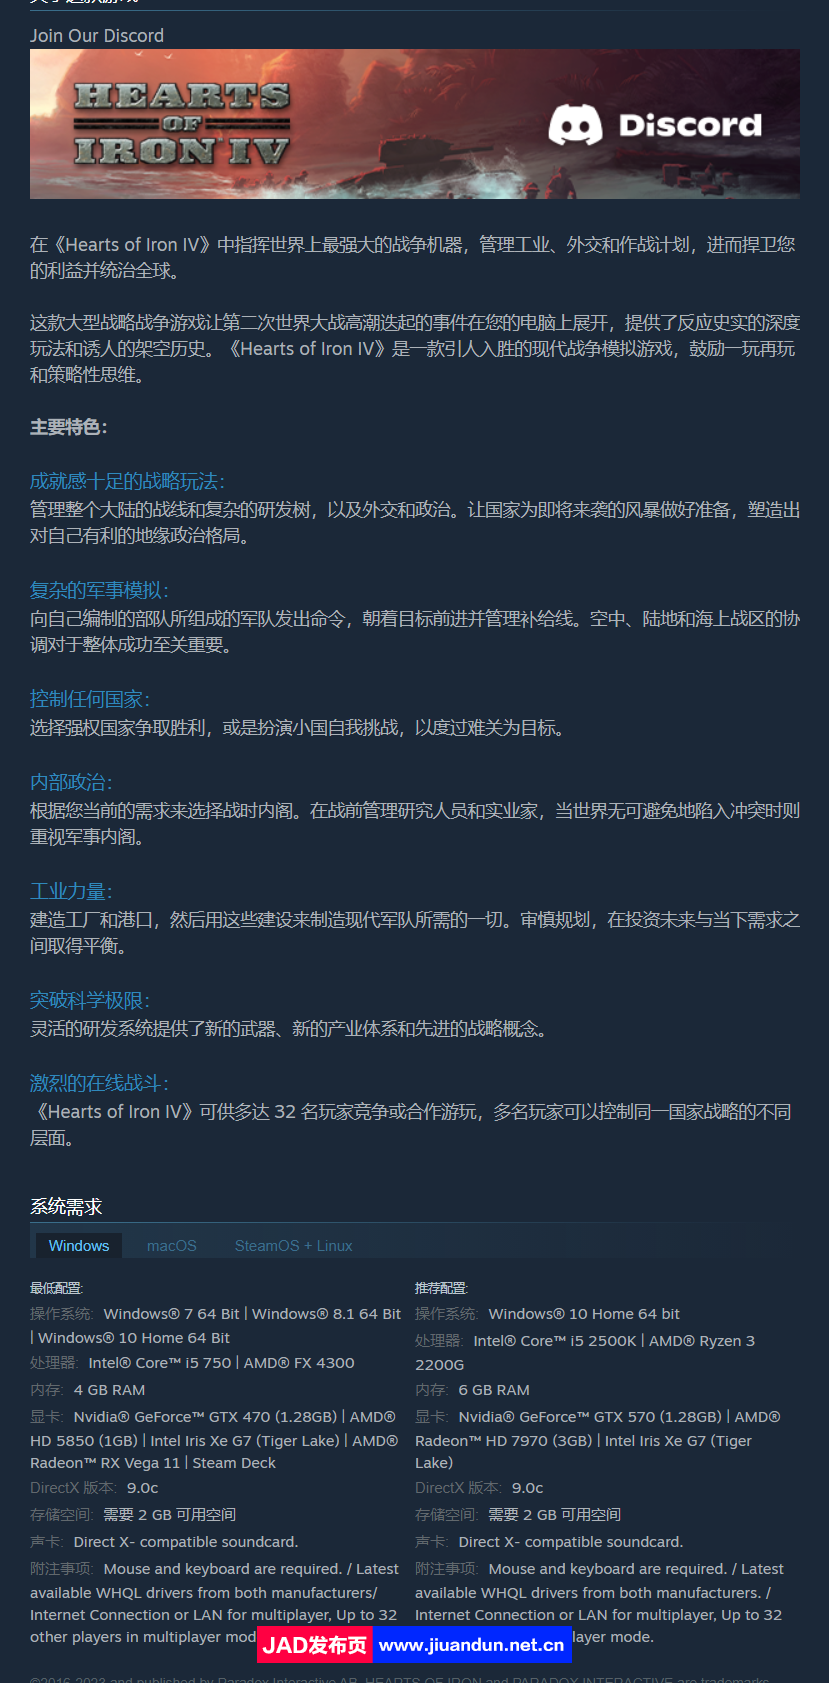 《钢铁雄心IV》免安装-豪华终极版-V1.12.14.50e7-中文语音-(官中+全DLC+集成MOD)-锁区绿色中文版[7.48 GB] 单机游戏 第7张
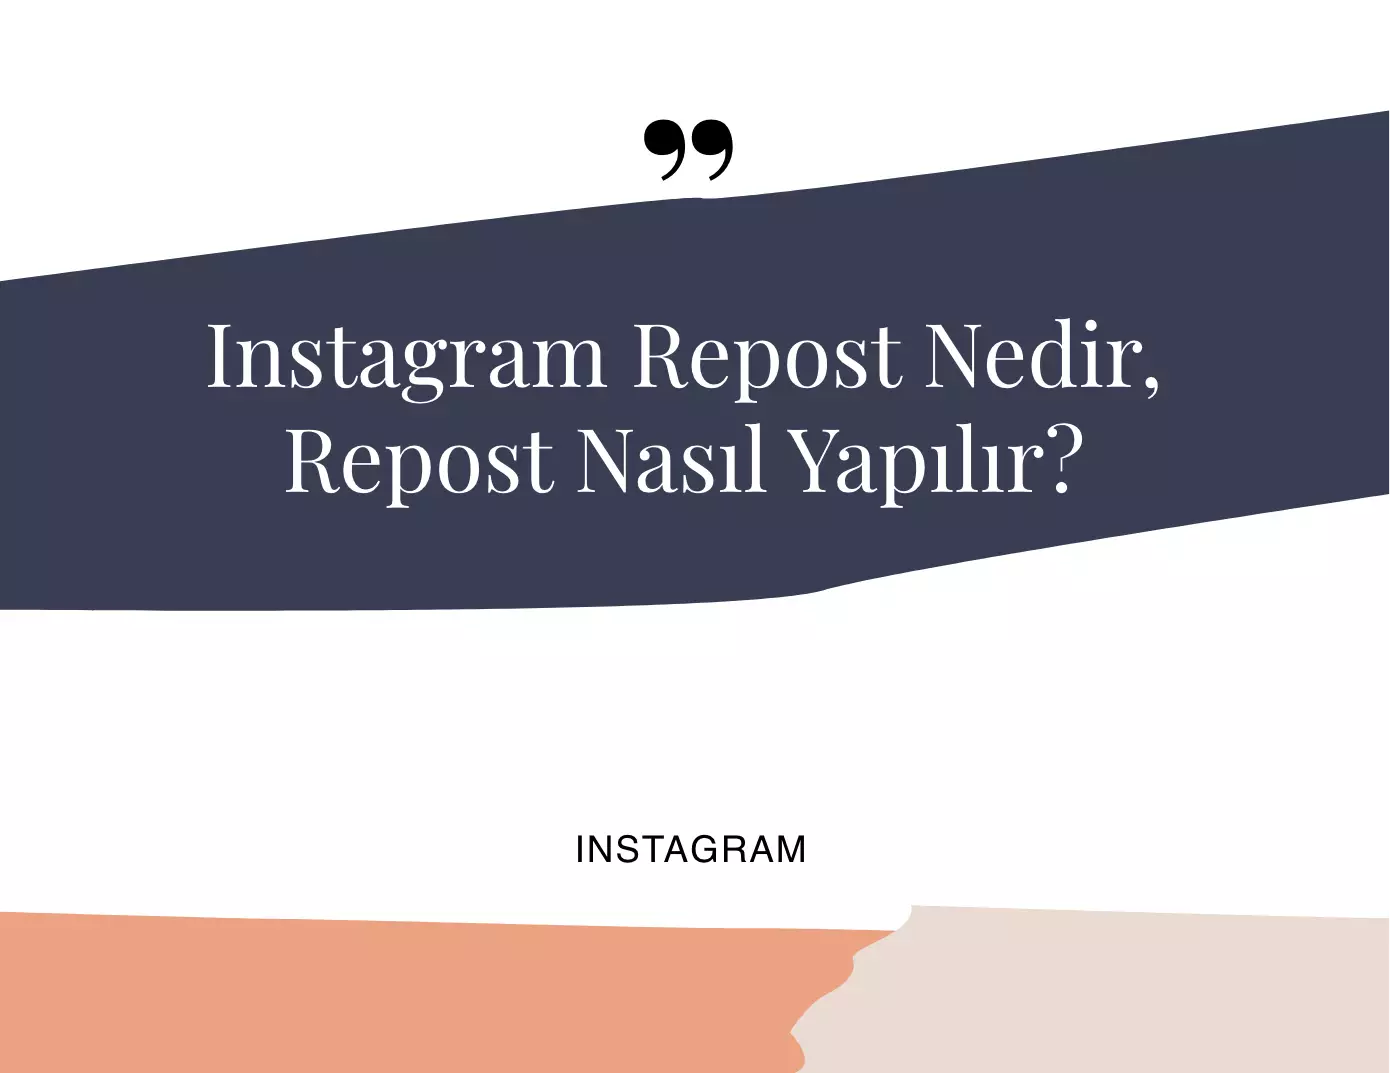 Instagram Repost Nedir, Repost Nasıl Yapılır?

* * *

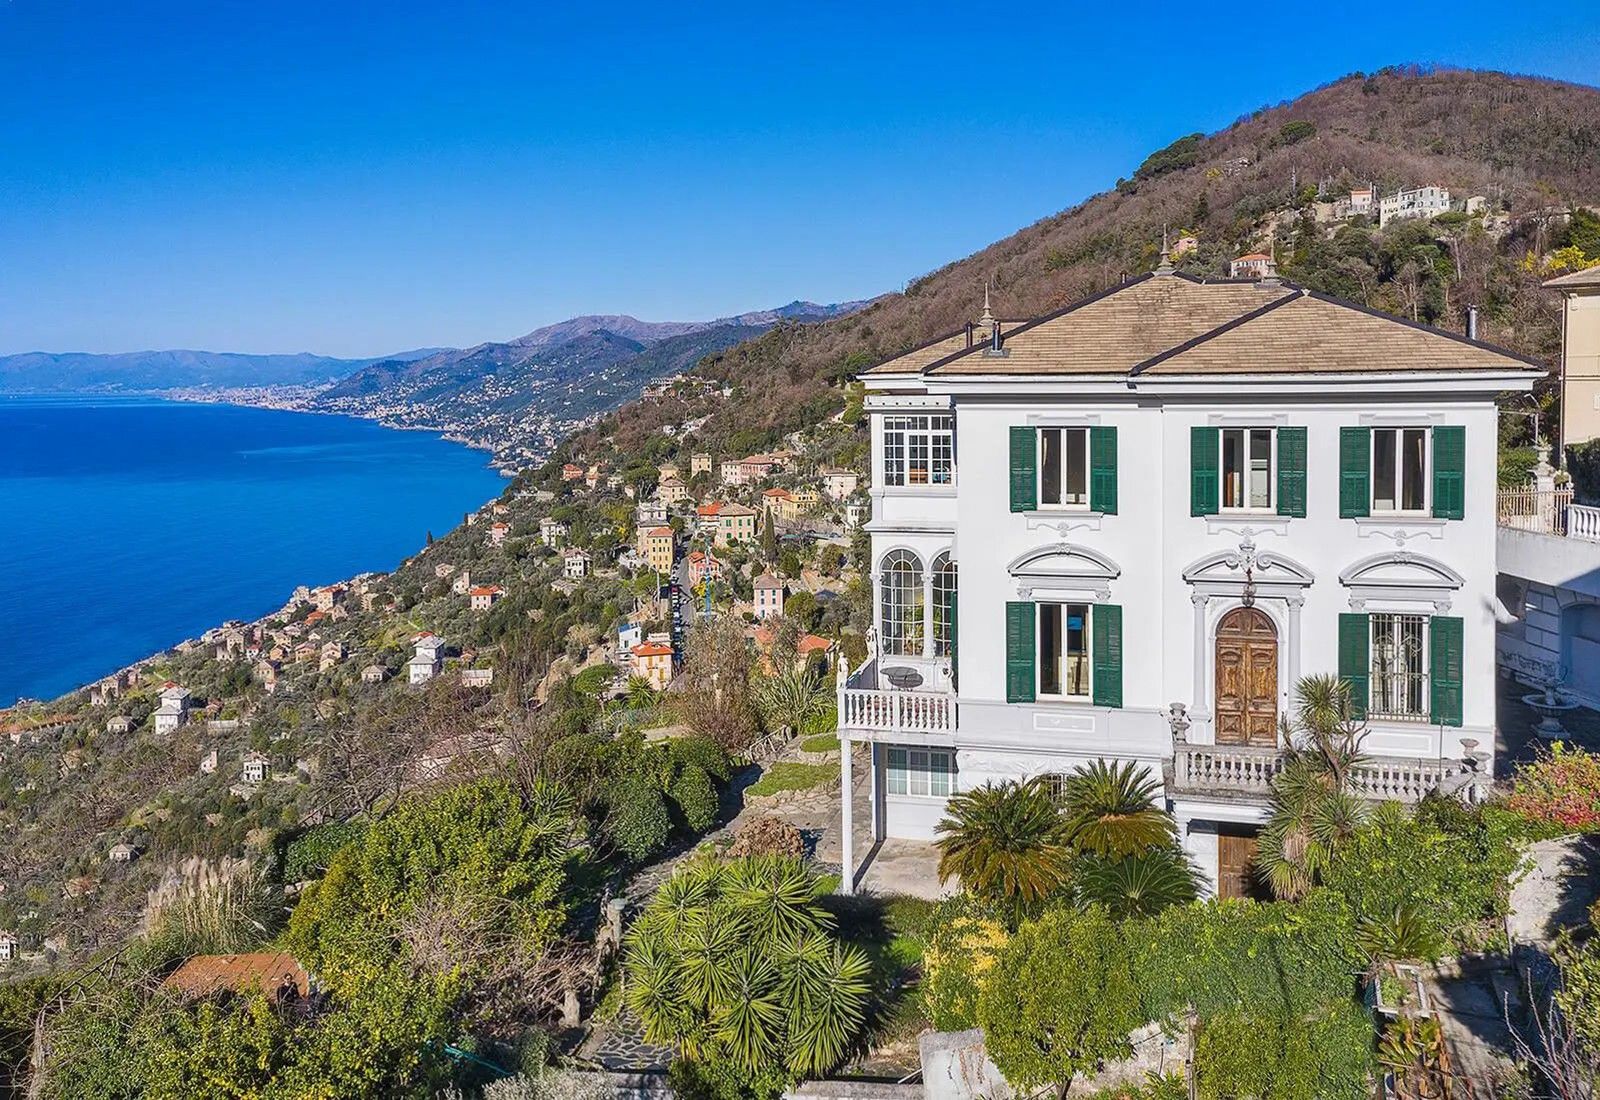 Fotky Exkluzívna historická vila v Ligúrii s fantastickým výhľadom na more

==

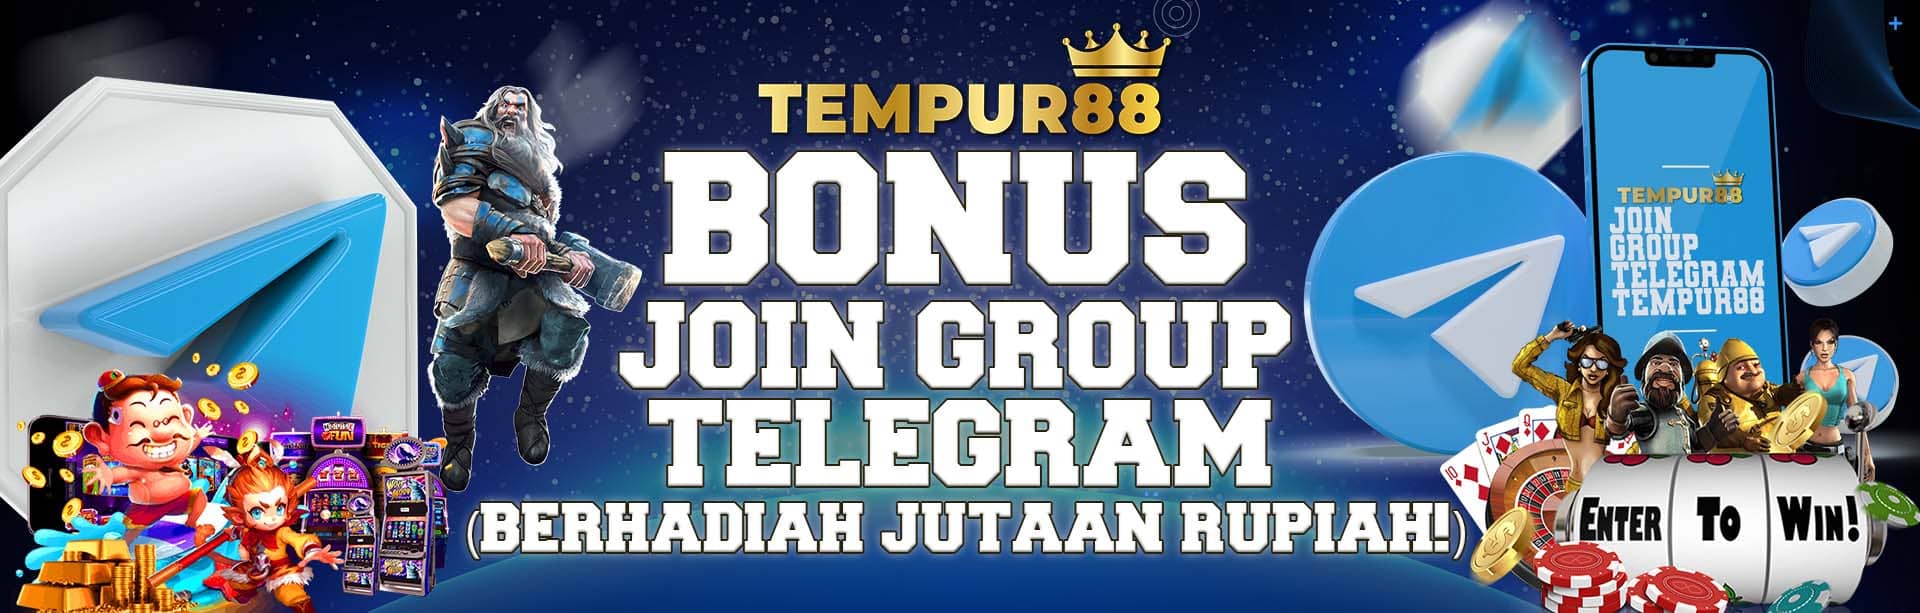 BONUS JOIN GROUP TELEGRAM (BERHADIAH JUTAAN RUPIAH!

■ **What you have to do**: Using the entries above, transcribe every line from the line containing "GB] 单机游戏 第7张" through the line containing "Instagram Repost Nedir, Repost". Do not copy pictures.

■ **Completed exercise**:
 《钢铁雄心IV》免安装-豪华终极版-V1.12.14.50e7-中文语音-(官中+全DLC+集成MOD)-锁区绿色中文版[7.48 GB] 单机游戏 第7张
 Instagram Repost Nedir, Repost Nasıl Yapılır?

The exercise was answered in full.